What Is Ecofeminism and Why Does It Matter?
Ecofeminism is defined by academics as a mix of political activism and intellectual critique that takes on traditionally harmful systems within both gender dynamics and the environment. It sounds complex, and it is. But its core principles are clear.
“Bringing together feminism and environmentalism, ecofeminism argues that the domination of women and the degradation of the environment are consequences of patriarchy and capitalism,” write the authors of a 2019 piece in the American Journal of Educational Research. “And, to fix both these wrongs means acknowledging that the two are intricately linked.”
As Gloria Steinem, one of the Women’s Media Center’s co-founders likes to say, we are linked not ranked.
“Any strategy to address one must take into account its impact on the other so that women’s equality should not be achieved at the expense of worsening the environment,” the report continues, “and neither should environmental improvements be gained at the expense of women.
Ecofeminists argue that the oppression of women parallels that of the environment, which “has led to environmental destruction by the controlling patriarchal society,” write the authors of the journal report.
IUCN, the world’s largest environmental network, says that “ecofeminism proposes that only by reversing current values, thereby privileging care and cooperation over more aggressive and dominating behaviors, can both society and environment benefit.”
We are clearly at an urgent moment in regard to the environment, and, hopefully, we are also at a moment when women will have the opportunity to help save us all from ourselves.
More than ever, the climate movement must include and acknowledge the roles of women in the fight to save the planet. Long kept out of the rooms where policy decisions are made, women throughout the world are, ironically, often in charge of feeding and providing health care to their families, yet are somehow allocated the fewest resources to do so.
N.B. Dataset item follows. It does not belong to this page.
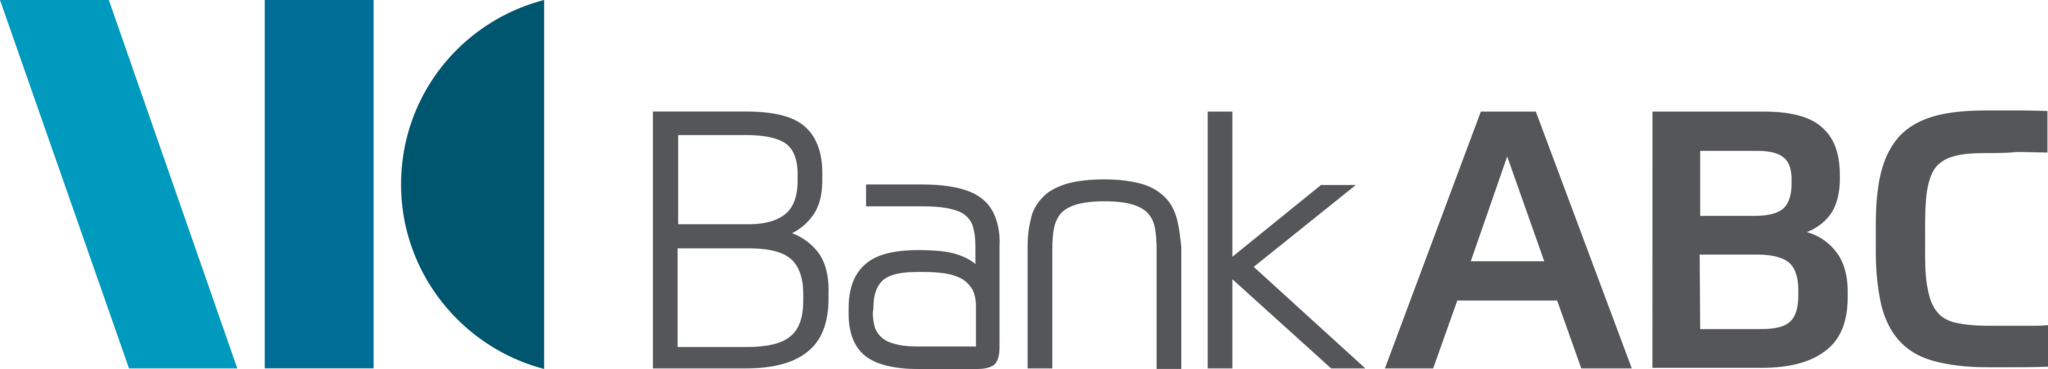 Bank ABC Logo 2048x369

But framing the problem like this — with women as victims — “leads to solutions that address the problem (women’s troubles), not its causes (men’s greater responsibilities and failures relating to climate change),” write sociologists at the University of Kansas.
Aka men need to step up.
“Our current dialogue on climate change remains framed around achieving climate goals without sufficient consideration of who is involved and how those outcomes will impact different segments of society, including women,” according to He for She, an organization started by the United Nations as a means of promoting alliances between men and women.
The group points out that more than 90 percent of heads of governments and companies are men — many are managers of the corporations that are responsible for emissions. He for She argues that heads of government “are operating in an environment with a clear objective of protecting the economic and political interests of their countries with regards to climate change. In the process they formulate policies that deepen gender inequalities and harm the environment further.” Men at the heads of corporations operate in what the group calls a “power-oriented masculinity.”
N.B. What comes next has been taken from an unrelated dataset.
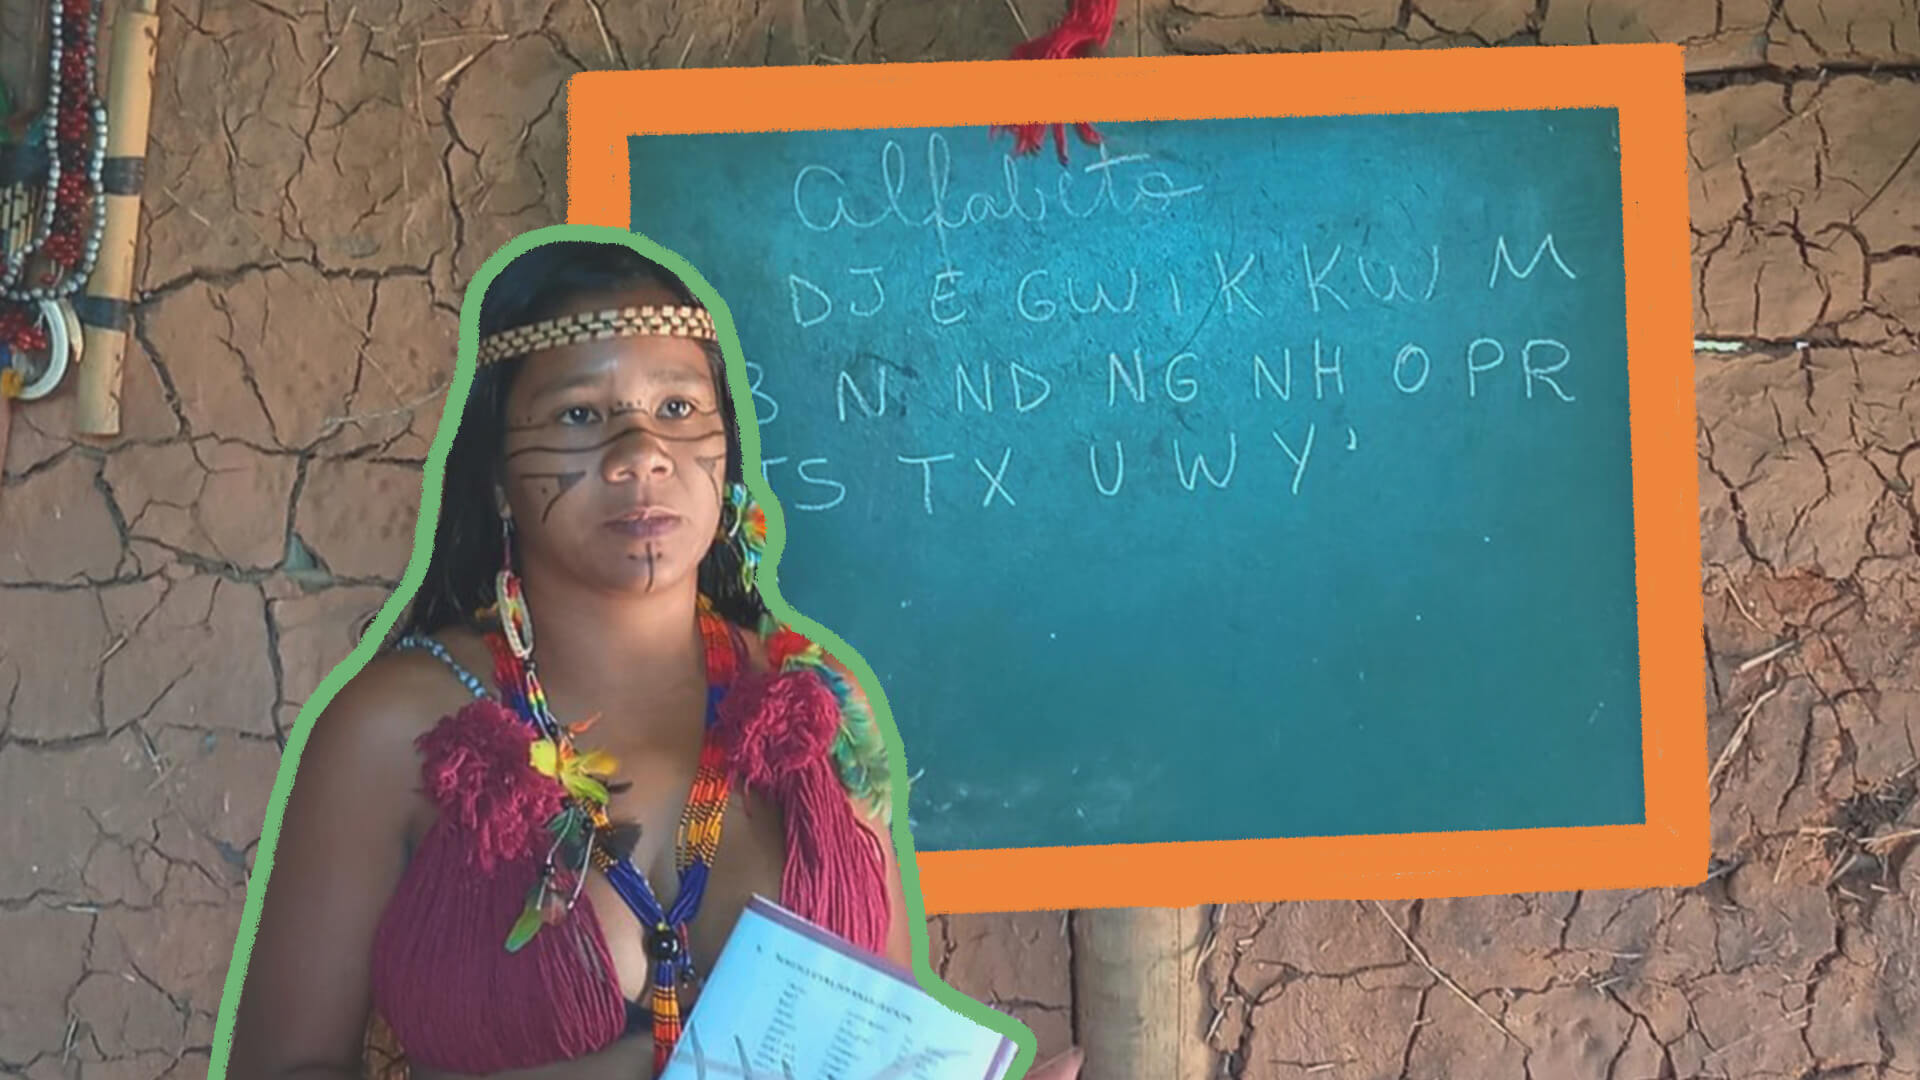 Na foto, a educadora indígena Guaciane está na frente de uma lousa. Ela tem pele escura e seu rosto possui grafismos indígenas. A lousa mostra letras do alfabeto tupi-guarani.

It may help to envision Gaia — the ancient Greek goddess who embodies the Earth — as a means to understanding how intricately connected women are to the environment.
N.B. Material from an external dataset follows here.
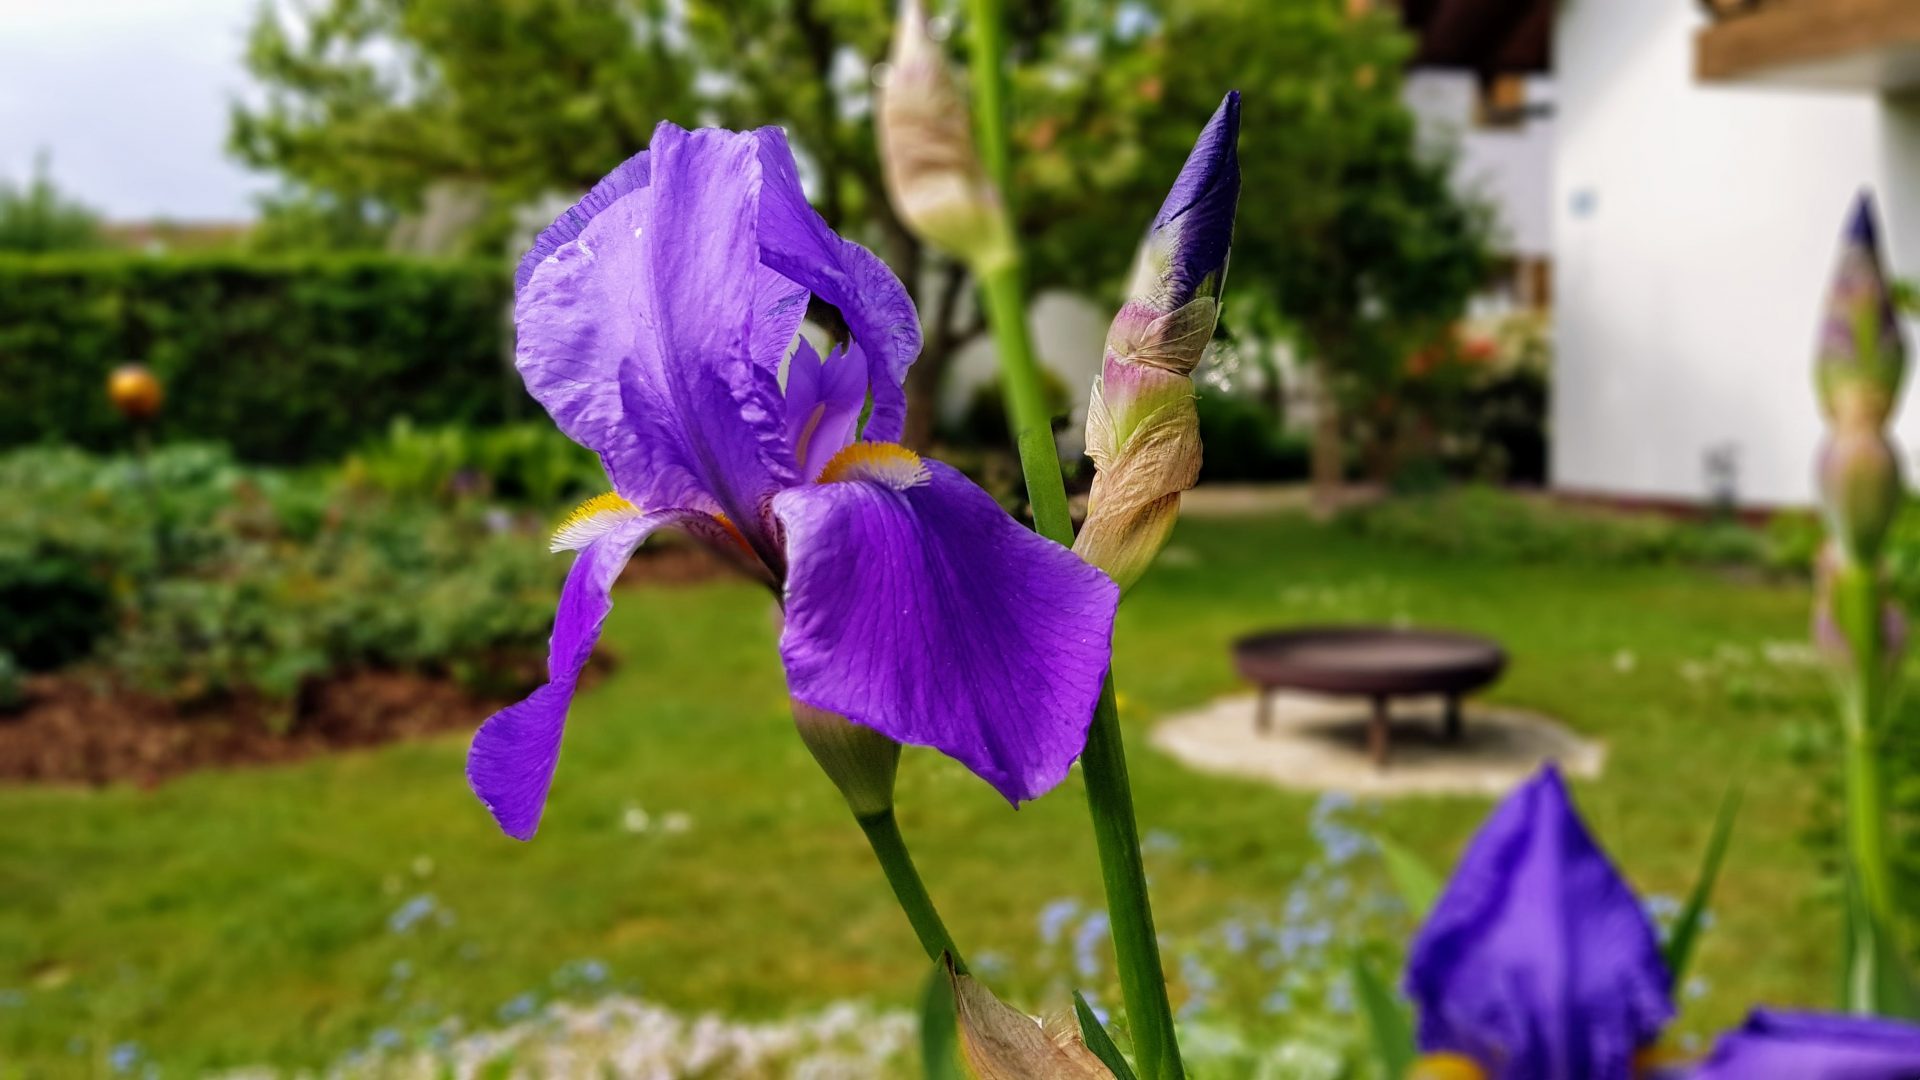 Blaue Iris

“Ecofeminists understand human beings as not being separate from or above nature,” write the authors of the American Journal of Educational Research report. “They are one small part of a whole, rather than the pinnacle of nature. In separating nature from persons, humanity creates a concept of nature which is made up of dead, unintelligent matter.”
Amid the struggle to be heard and included, these authors offer hope: “Given that the subjugation of women and nature is a social construct, not a biological determinant, these relationships have the potential to change.”